There's a basic issue with your associations:

center_height(std_center_height'range) => std_center_height,
center_height(C_S_AXI_DATA_WIDTH-1 downto std_center_height'length) => open, 
-- not working, not elegant

center_width(std_center_width'range) => std_center_width

You specified that std_center_height and std_center_width depended on generics, which means the specified slices are locally static names.

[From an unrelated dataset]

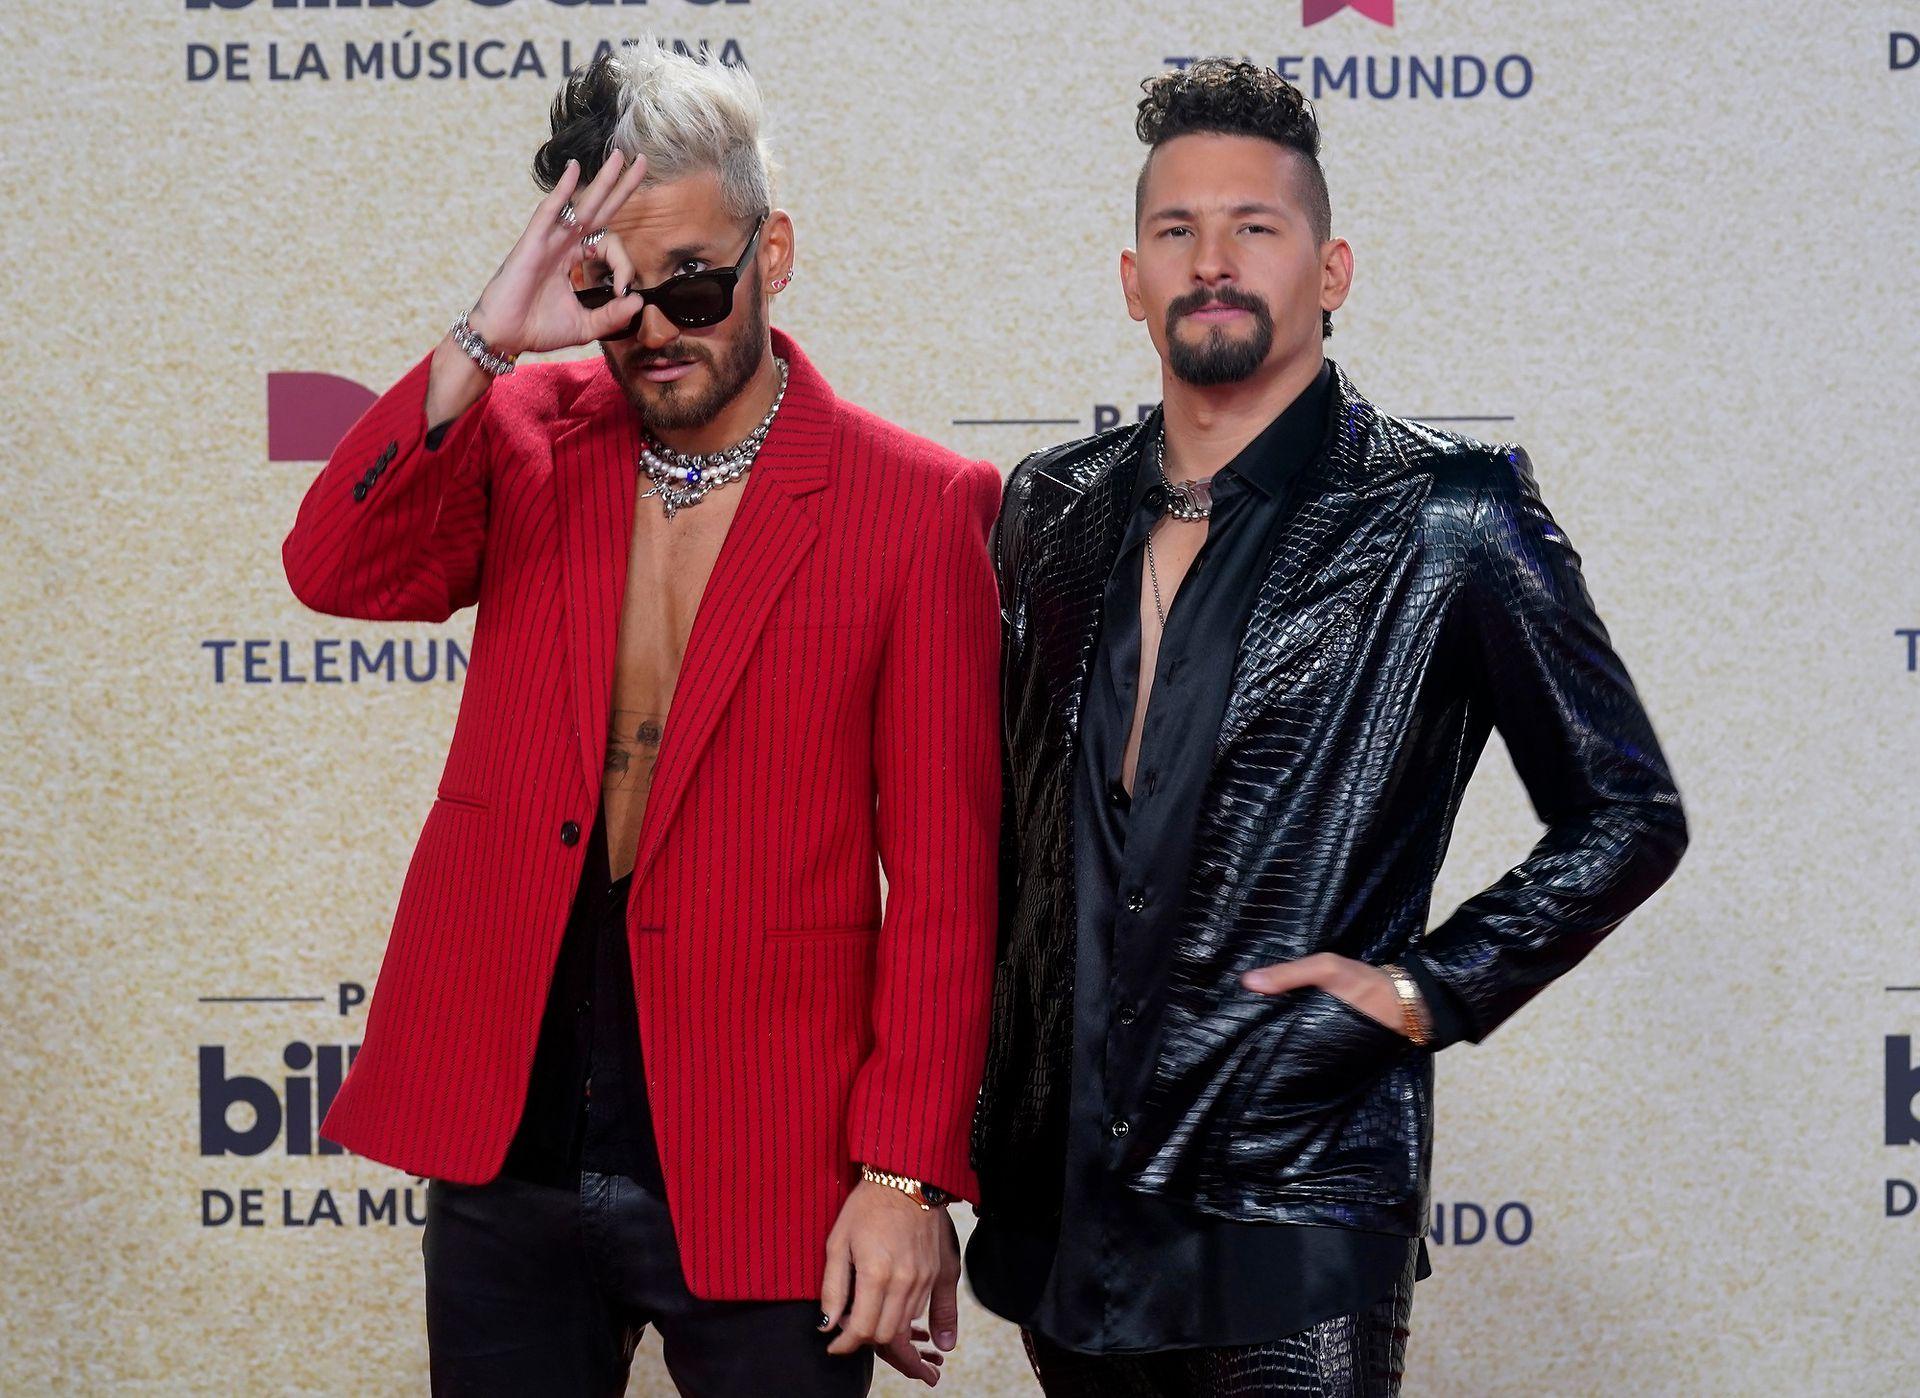 """Ricky Montaner y Mauricio Montaner de """"Mau y Ricky"""" participaron en los Premios Billboard de la Música Latina con su canción """"Besos a cualquier horario"""", que lanzaron junto a Carlos Vives y su hija Lucy"""
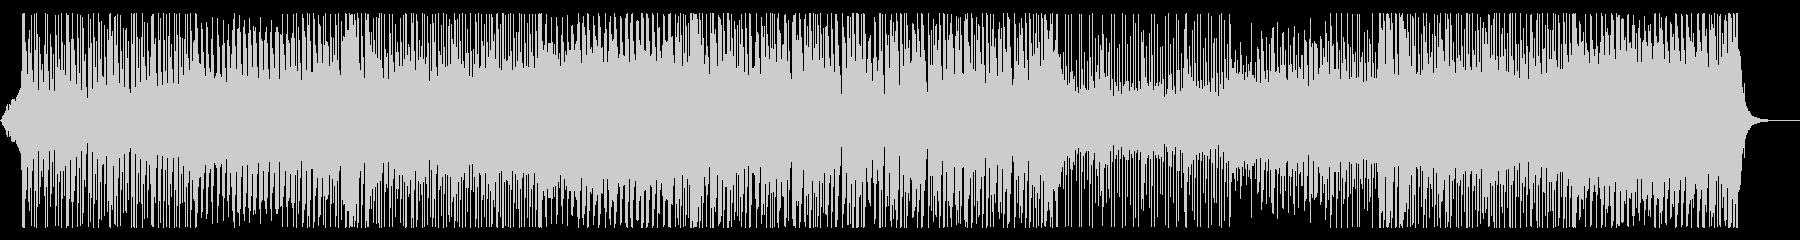 三味線がリードする4つ打ちダンス曲の未再生の波形

IEEE Std 1076-2008 6.5.7.1 Association lists paragraph 16 (in part):

...Furthermore, every scalar subelement of the explicitly declared interface object shall be associated exactly once with an actual (or subelement thereof) in the same association list, and all such associations shall appear in a contiguous sequence within that association list. Each association element that associates a slice or subelement (or slice thereof) of an interface object shall identify the formal with a locally static name.

The first of these two sentences gives the reason why, you can't determine every subelement is connected at analysis time for a slice that's dependent on a generic.

There's a long chain of references on what makes up a locally static name (8.1 para 6, locally static name, 9.4.2 para 2 locally static range, para 1 g), 16.2.3 Predefined attributes of arrays ('LENGTH is a function).

You can't have a locally static name dependent on a subtype that isn't locally static. That means all three of those associations won't work. You could declare local constants or use a package whose declaration are visible to both the architecture instantiating CenterConfig and the entity declaration for CenterConfig but that doesn't help with the OPEN issue.

Is there something like (others => open)?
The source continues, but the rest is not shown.